Records shown Start Marker

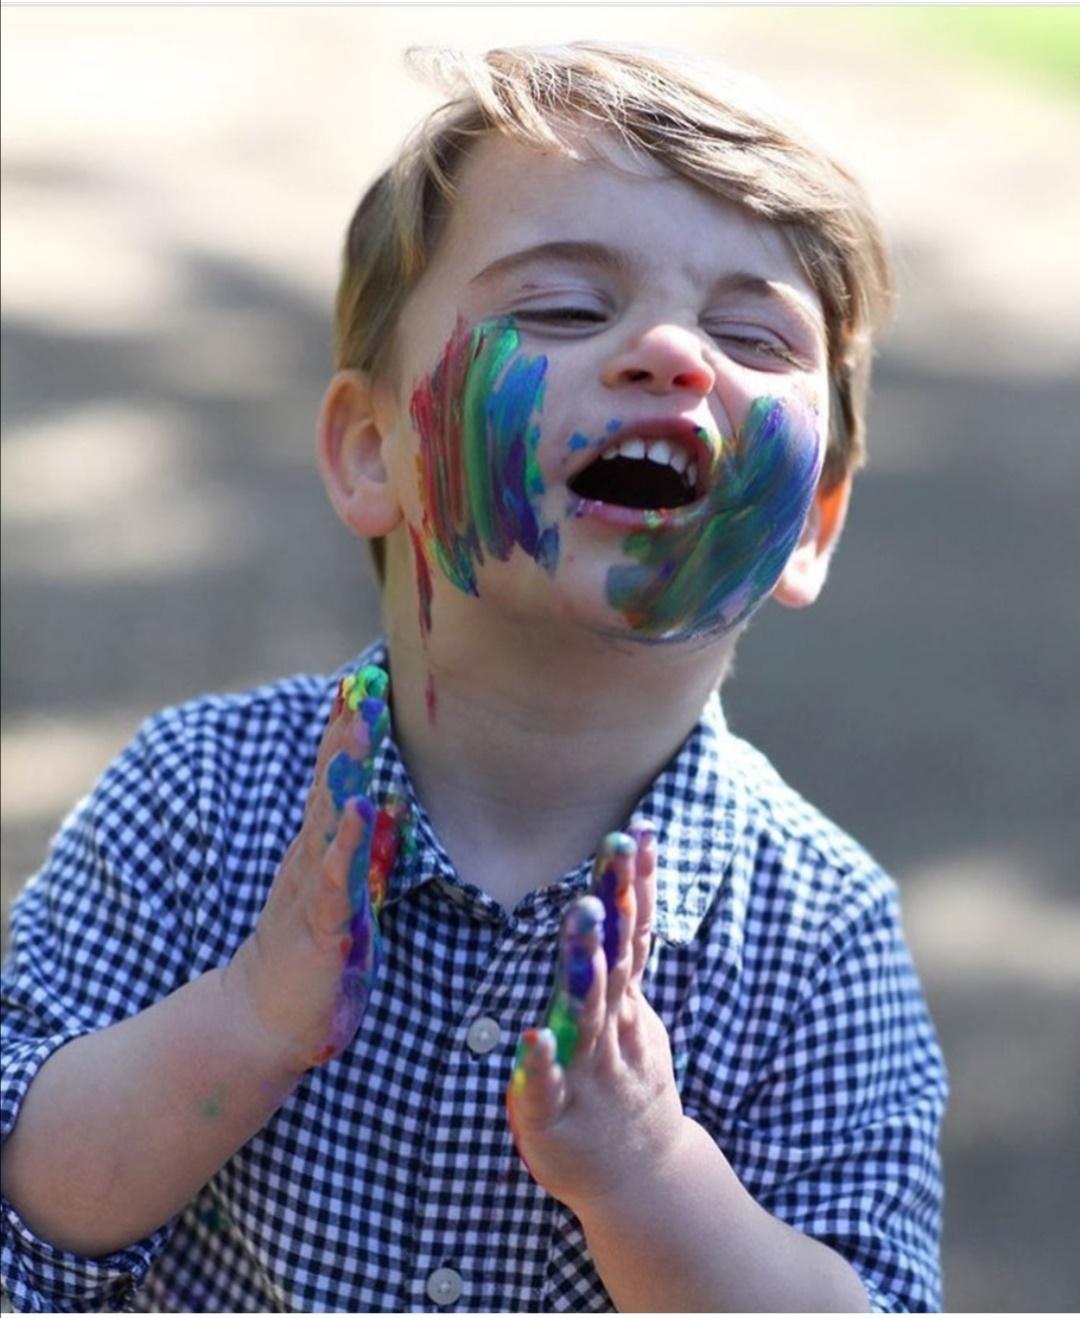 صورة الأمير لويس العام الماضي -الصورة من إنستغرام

Records shown End Marker
Records shown Start Marker

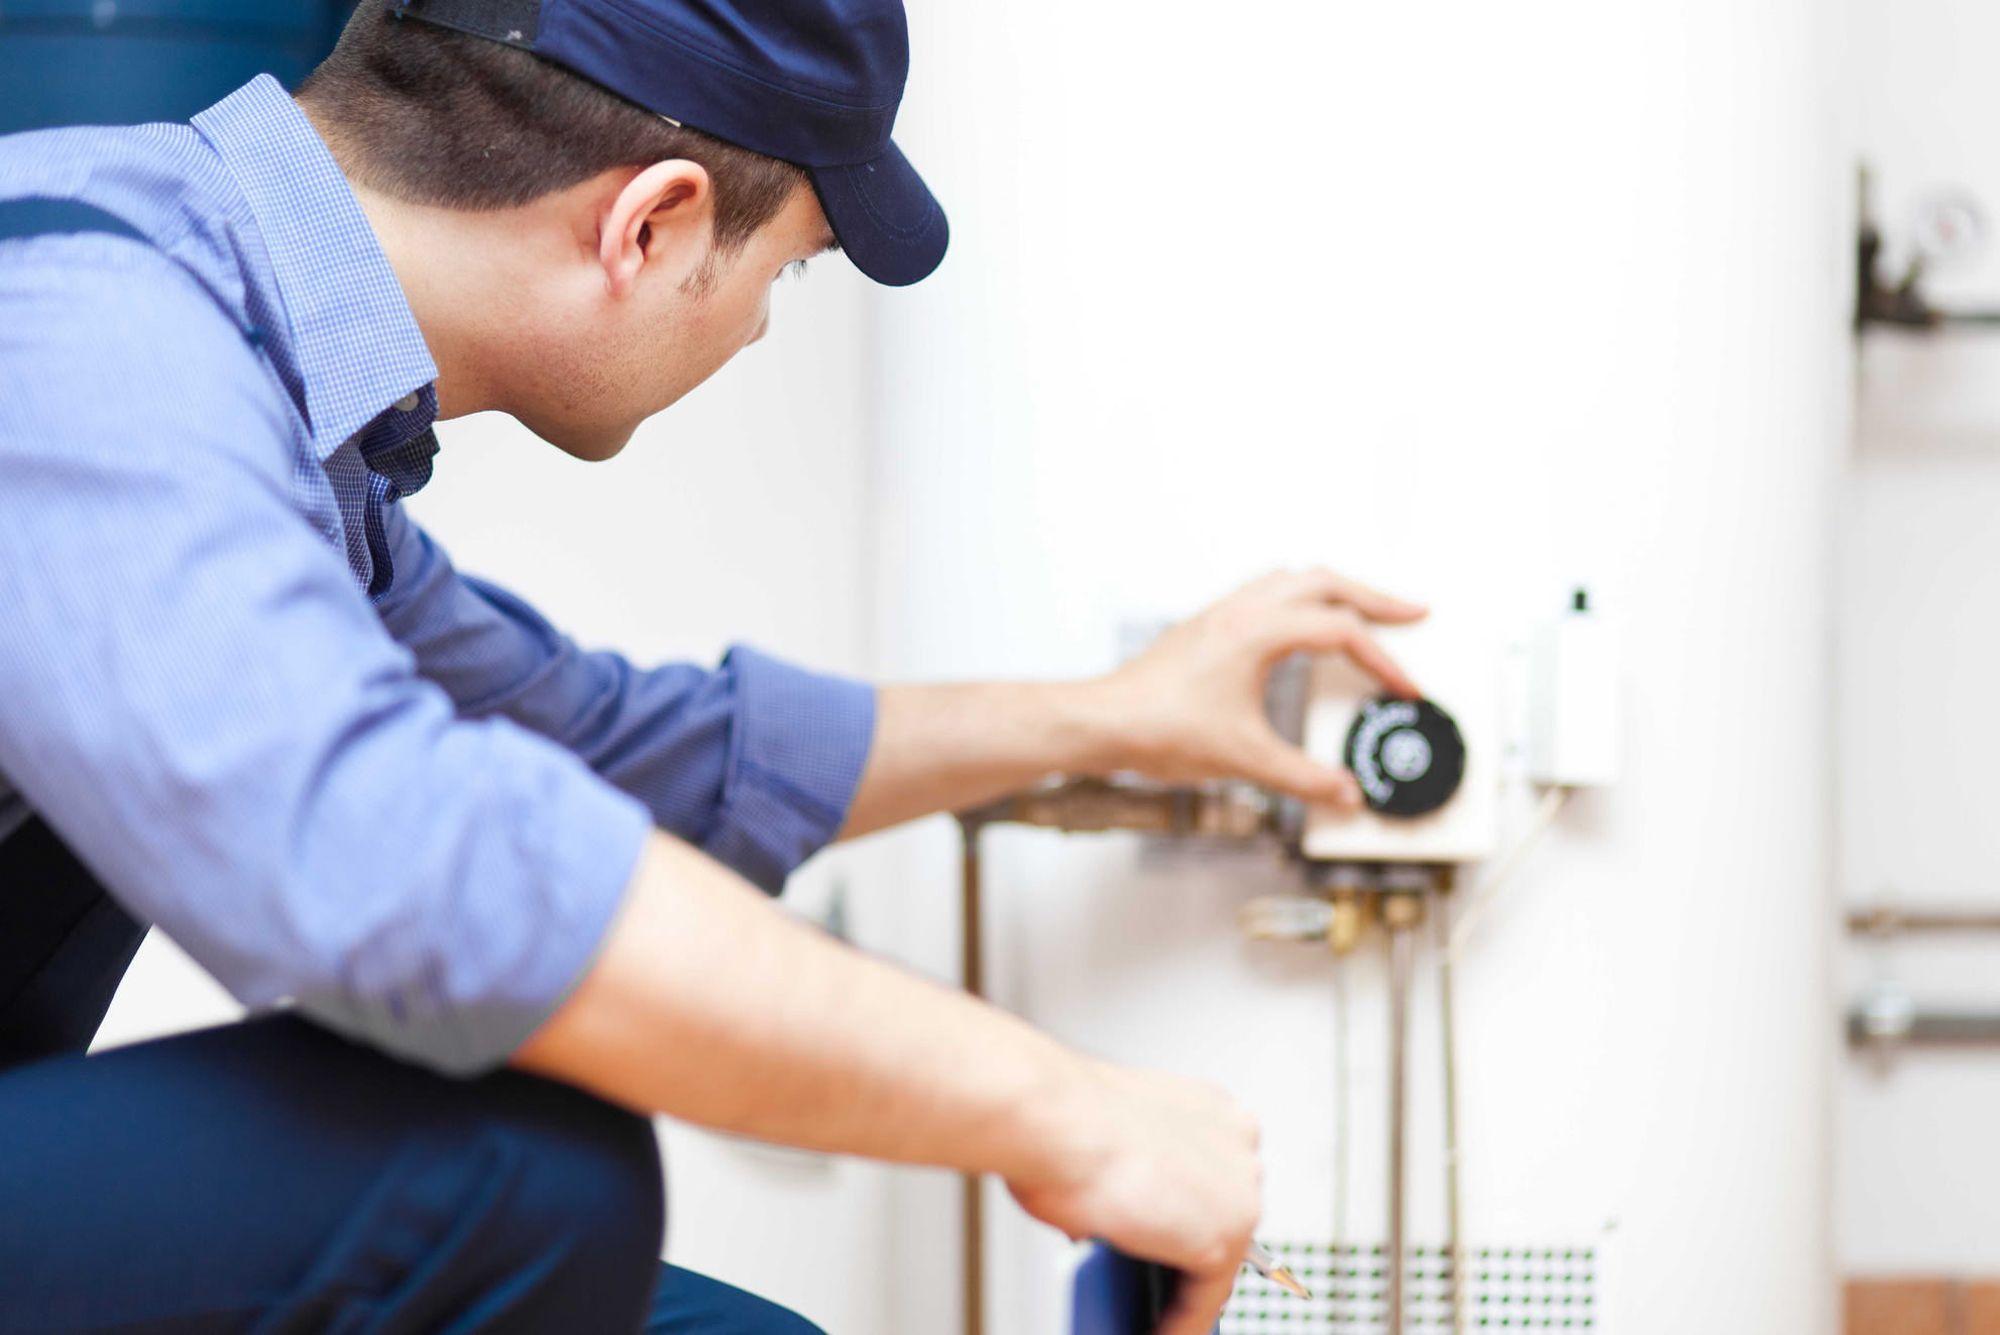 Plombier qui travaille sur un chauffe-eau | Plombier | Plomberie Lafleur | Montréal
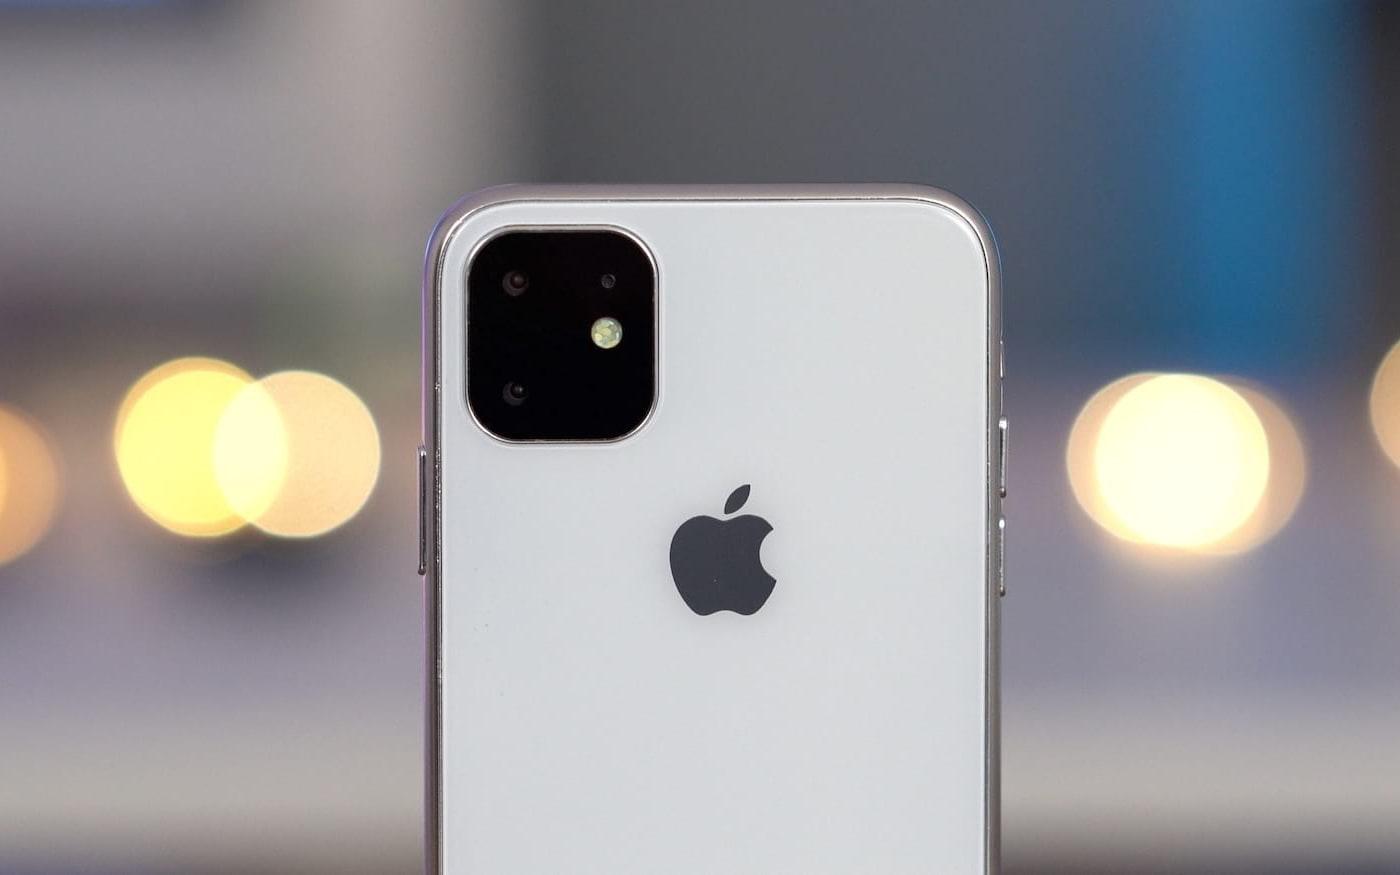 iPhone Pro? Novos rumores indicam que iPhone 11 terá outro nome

Records shown End Marker

Your objective ::
Each line above from the one containing "Plombier qui travaille" through the one containing "iPhone Pro? Novos" is to be returned verbatim. Nothing else, and no pictures.

Your response ::
 Plombier qui travaille sur un chauffe-eau | Plombier | Plomberie Lafleur | Montréal
 iPhone Pro? Novos rumores indicam que iPhone 11 terá outro nome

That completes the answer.